Morning Coffee: What makes you stop reading?

SummerI’ve been contemplating this question in anticipation of a meeting with my writer friends this weekend. We have a different topic every month, and this month it’s what makes us stop reading a book. The hope is to learn what mistakes not to make with our own work. For me, it could be a number of reasons. A few examples:

I like to take advantage of an e-book sale to try new authors. A year or so ago I bought a paranormal romance. This isn’t a genre I’d normally read, but I do like a good ghost story. And this one promised a pirate ghost. The description on Amazon assured me it wasn’t a book number two or three of a series where I’d be forced to buy others at full price to understand what’s happening in the plot. Yet, when I tried to read it there was definitely a lot of back story I was missing. Either it was, indeed, a subsequent book in a series, or the author dropped me down right in the middle of something without enough explanation. I was confused. I tried to keep going, to give it time, but I couldn’t get far and it just wasn’t worth even the $.99 I spent on it.
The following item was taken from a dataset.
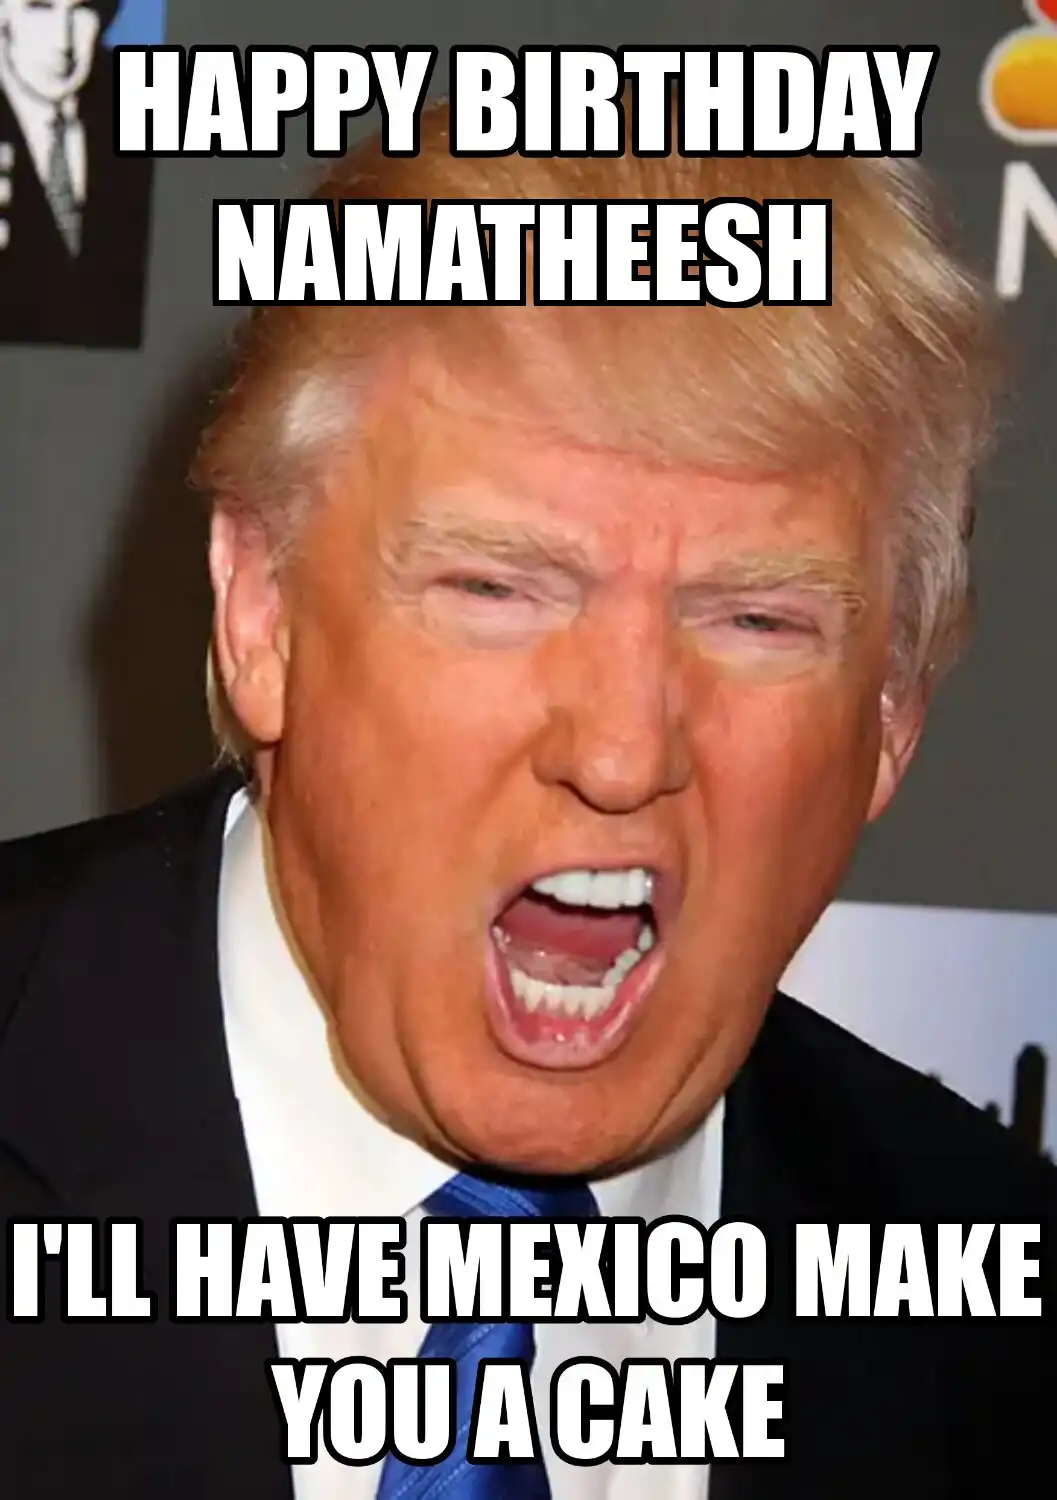 Happy Birthday Namatheesh Mexico Make You A Cake Meme

Then there was the book that came highly recommended. They even made a movie out of it. It was set during WWII in Germany and I’d read and enjoyed many others set during that time period so I was excited to read this one. I really wanted to like it; but, unfortunately, I didn’t even finish the first chapter because I disliked one of the characters that much. Now, I wasn’t supposed to like her. She was clearly the bad guy, but she was so awful, so mean to a child, I refused to read any further. And since the book was borrowed, I gladly returned it unread.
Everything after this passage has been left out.